Publié le 6 Feb 2014 - 04:08
MICROFINANCE AFRIQUE DE L'OUEST

Les institutions membres planchent sur leur survie

 

Les institutions membres de l'Institut mondial des caisses d'épargne, en majorité des caisses d'épargne, veulent sauver leurs activités face à la menace des grands groupes régionaux.

 

Se transformer ou disparaître. C'est le dilemme qui agace les organismes membres de l'Institut mondial des caisses d'épargne (IMCE). Réunies hier à Dakar, elles ont décidé de réagir en mutualisant leurs actions.

Selon le directeur général de la Caisse nationale d'épargne d'Afrique de l'Ouest, Mamah Diabagate, les groupes bancaires sont en train de tisser de vastes réseaux de commercialisation. D'où la pertinence et l'opportunité de créer une plate-forme de concertation, de coopération et de co-commercialisation de leurs produits.

Pour les responsables de Imce, si des groupements se forment et que les caisses d'épargne restent dans leurs clivages nationaux, leurs actions seront de faible portée et les menaces sur le développement se feront plus aiguës. ''Quand votre territoire est réduit, vous étouffez. Nous sommes obligés de nous unir pour occuper une place conviviale», a soutenu Mamah Diabagate.

Mais il sera nécessaire également d'offrir aux caisses d'épargne, banques postales et institutions de microfinance une plate-forme de développement rapide et de mutualisation de leurs potentialités commerciales. D’où l'importance de la rencontre de Dakar.
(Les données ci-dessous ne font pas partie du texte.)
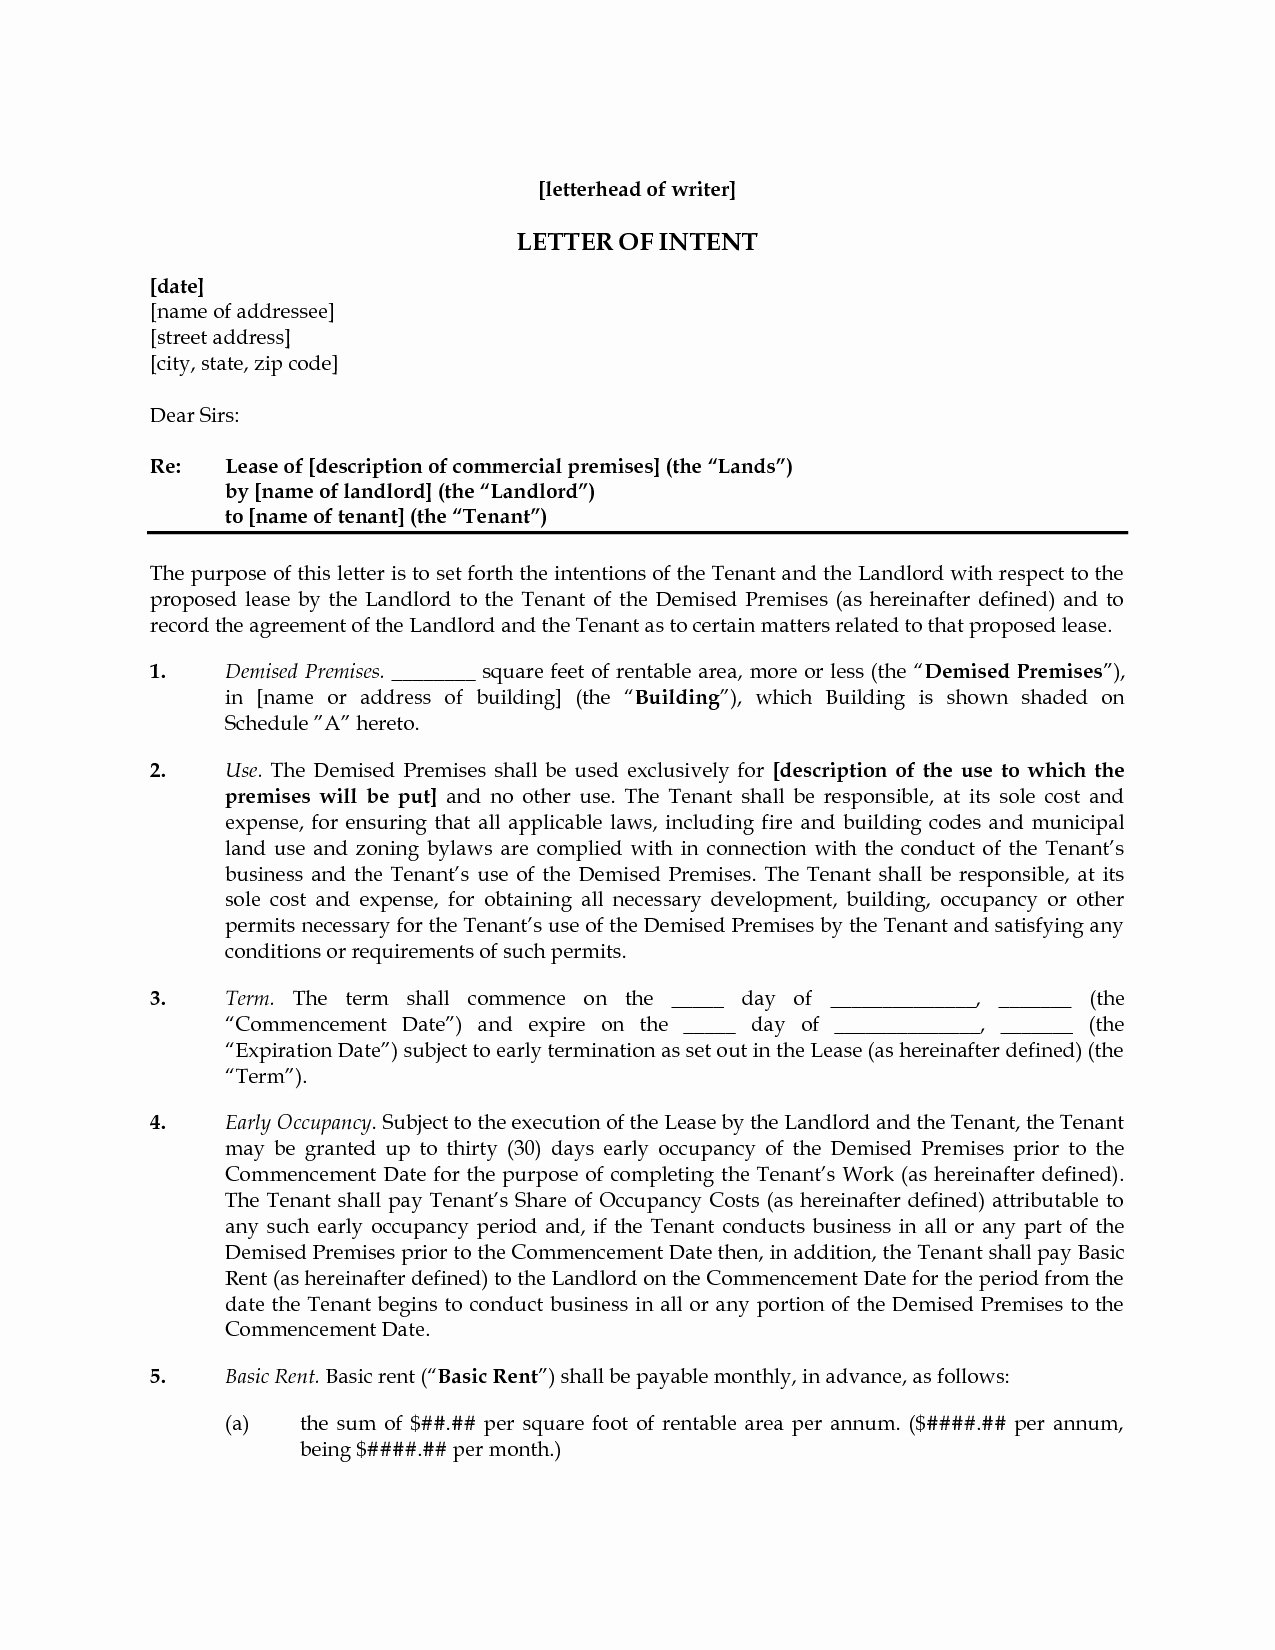 Free Sample Letter Of Intent to Lease A Commercial Space Elegant Letter Intent to Lease Mercial Space Template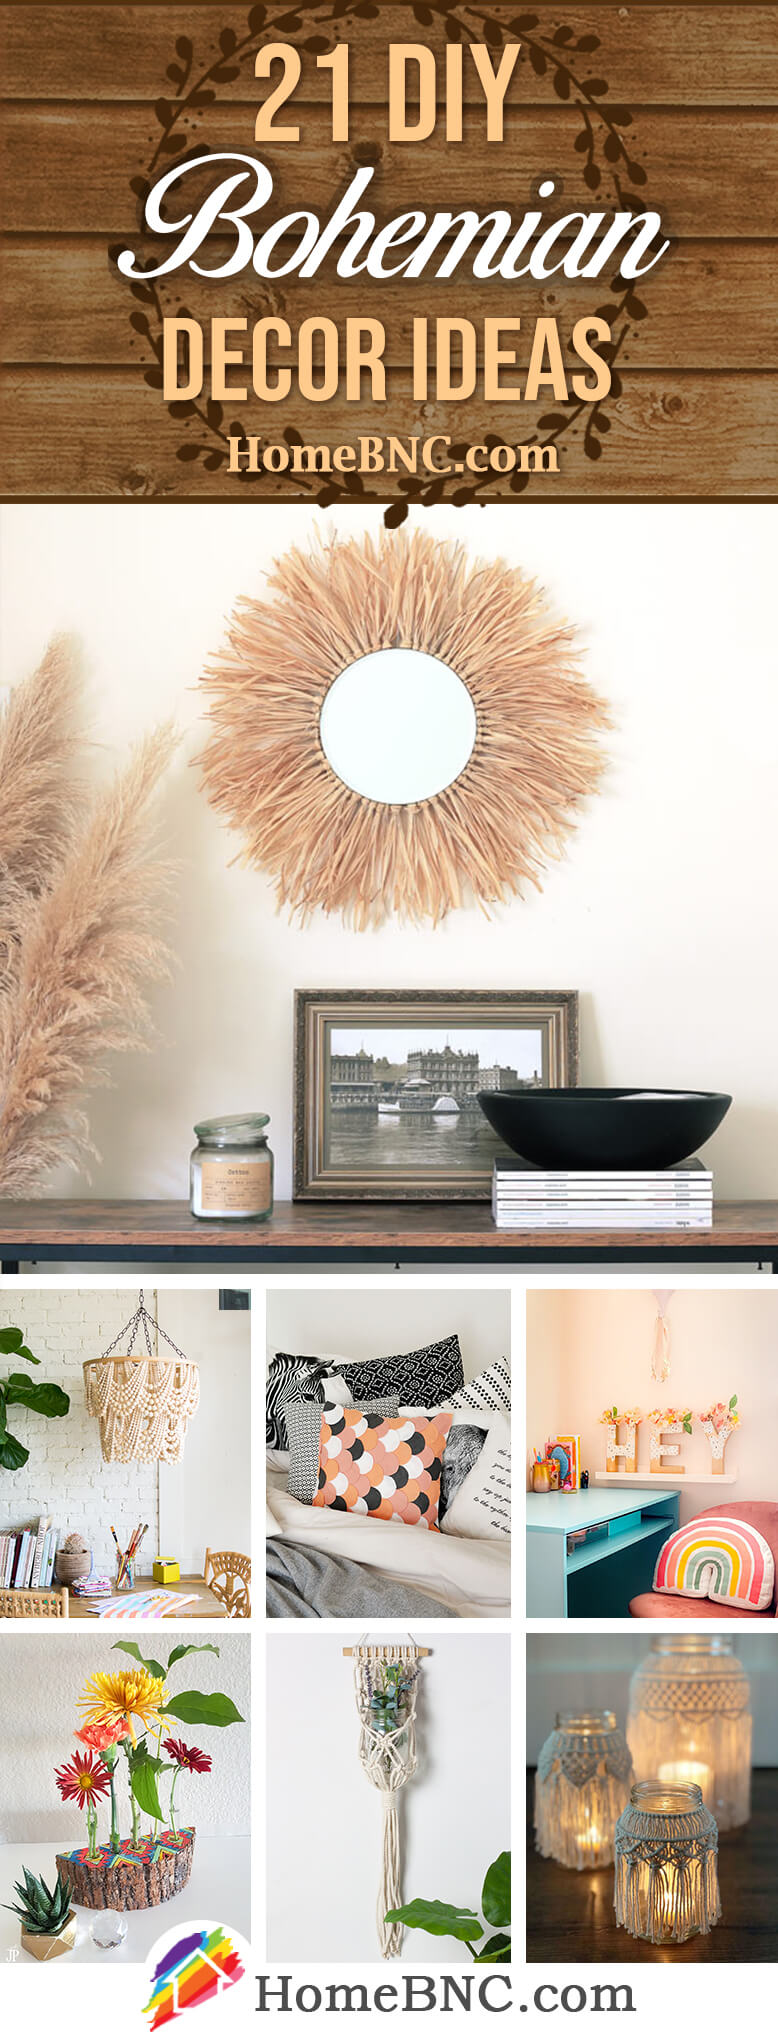 21 Best Diy Bohemian Decor Ideas You Can Easily Make Yourself In 2020

Les membres de Imce comptent donc redynamiser leurs activités pour beaucoup plus de présence au niveau de la CEDEAO, après l'espace UEMOA. La proposition du directeur général des caisses d'épargne de l'Afrique de l'Ouest est l'inclusion impérative des institutions.

Selon le présentateur du plan stratégique, M. Mamadou Touré, cet outil fait l'objet de trois grands chantiers que sont le renforcement des capacités des membres, la définition de points communs et la transparence et la sécurisation de l'outil devant être utilisé. «C'est du business, il faut que la Poste du Sénégal coopère avec la Caisse d'épargne d'Abidjan, mais (dans un système) gagnant-gagnant», a-t-il précisé.